後輩の投稿に「いいね」を押して、アプリを閉じた。閉じたのに、頭のなかでは比較が続いている。指は止められても、勝手に始まった計算は止まらない。あの感覚に名前があるとしたら、たぶん「社会的比較」だ。

人と比べてしまう自分を、意志が弱いせいだと片づけたくなる。でも研究を読むと、どうもそういう作りになっていない。比較は「やめられる行為」ではなく「起きてしまう傾向」として測られてきた。

人は、脅かされていなくても「上」を選ぶ

社会的比較の研究は1950年代の理論を起点に60年以上積み上がっている。その全体をならしたのが、Gerber、Wheeler、Suls による2018年のメタ分析だ(Psychological Bulletin 144巻2号177-197頁)。彼らは研究を2種類に分けている。誰と比べるかを選ぶ研究(選択)と、比べたあと何が起きるかを見る研究(反応)だ。

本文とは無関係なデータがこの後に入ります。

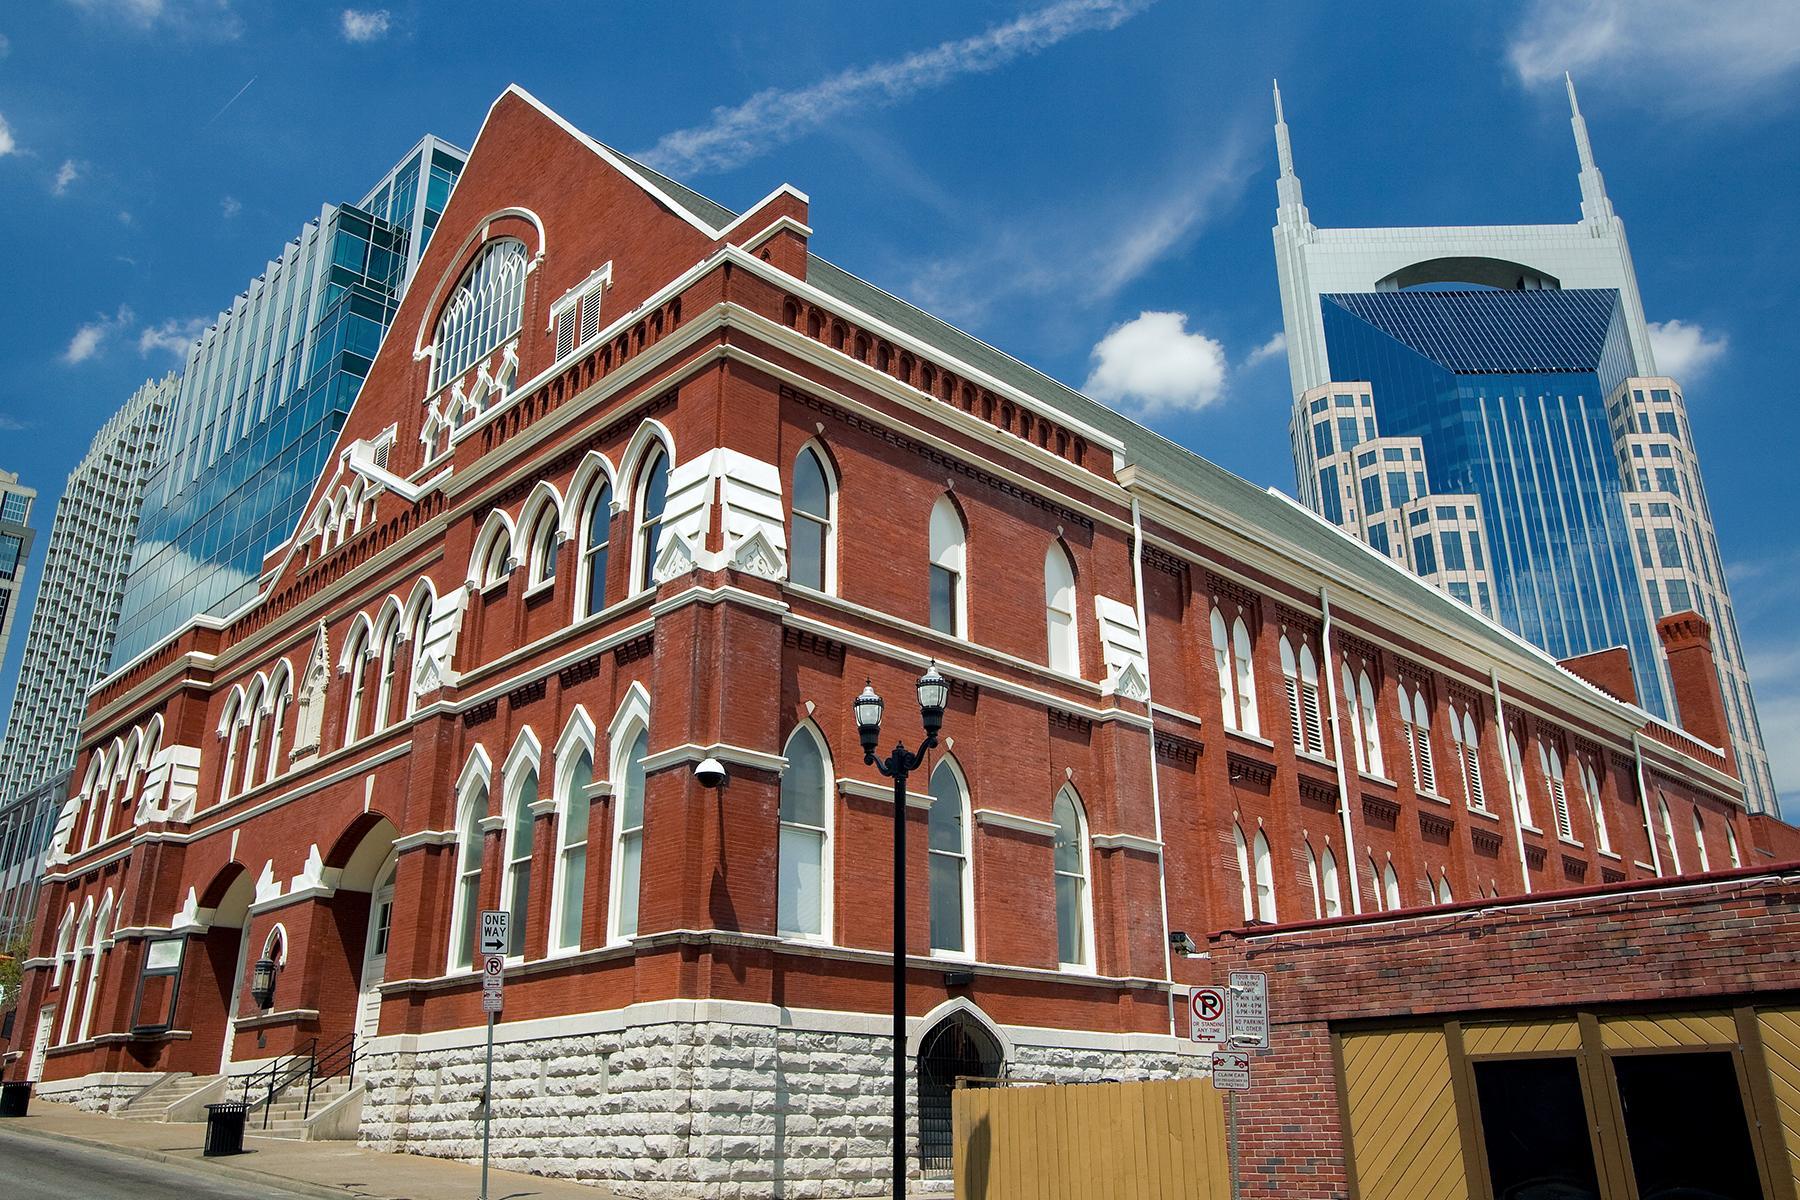 04_NashvillePhrases__TheMotherChurch_shutterstock_29329777

選択のほうから。上と下の2択を提示した研究では、脅威のない条件で上方比較——自分より優れている相手を選ぶ傾向——が強く出た。この結果には出版バイアスの証拠がなかった。しかも脅威を与えられた条件でさえ、「下方比較が優勢な選択になる」という証拠は得られていない。自分より下を見て安心する、という筋書きは、このデータの並びでは支持されていない。ただし横並びの相手という第三の選択肢を加えると、選好の差ははっきりしなくなる。

比べたあとに起きるのは、たいてい「対比」

反応のほうは、もっと身も蓋もない。

このメタ分析では、対比(コントラスト)が圧倒的に優勢な反応だった。対比とは、相手との差が際立って自己評価が押し下げられる方向の反応を指す。とくに強く影響を受けたのは能力に関する自己評価で、参加者の立ち位置を操作した比較の効果推定値は能力で-0.75〜-0.65、感情で-0.83〜-0.65。目新しい個人属性を扱った比較でも、能力で-0.5〜-0.6、感情で-0.6〜-0.7の範囲だった。

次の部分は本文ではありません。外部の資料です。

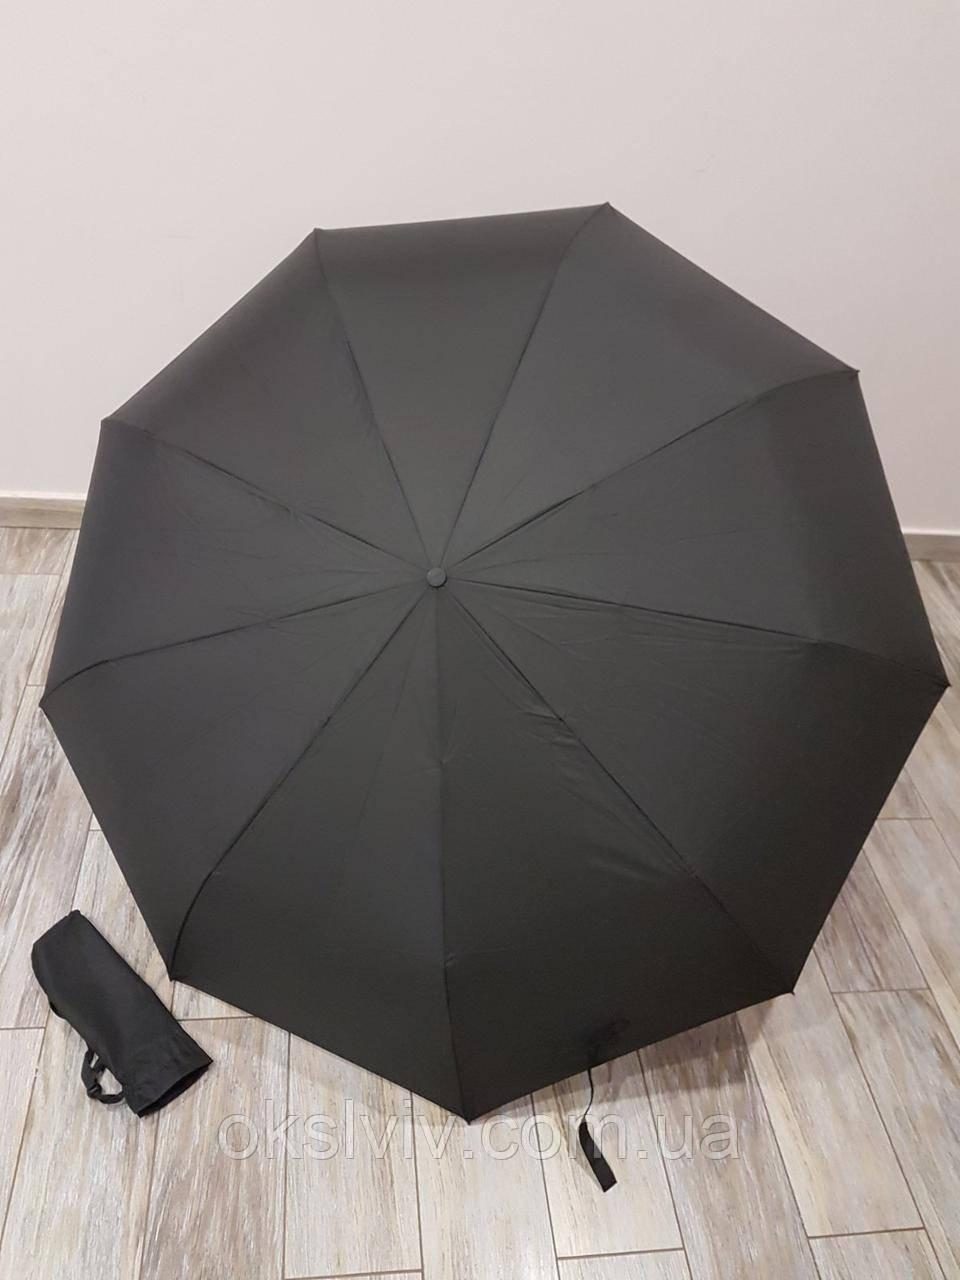 LANTANA парасоля зонт сімейна повний автомат

反対の反応、つまり相手の優秀さを自分に取り込んで奮い立つ「同化」も、起きないわけではない。ただしメタ分析では、類似性を意識させる操作による同化効果は非常に弱く、出版バイアスの推定方法によって結果が揺れた。

そして統制群を置いた研究では、上方ターゲットへの反応も下方ターゲットへの反応も、大きさは同程度で、どちらも対比的だった。

著者ら自身が論文の最後に、未解決の問いとしてこう置いている——もっとも起こりやすい結果が自分を萎ませる対比なのに、なぜ人は上を選ぶのか。60年分を集めてもまだ、そこは説明しきれていない。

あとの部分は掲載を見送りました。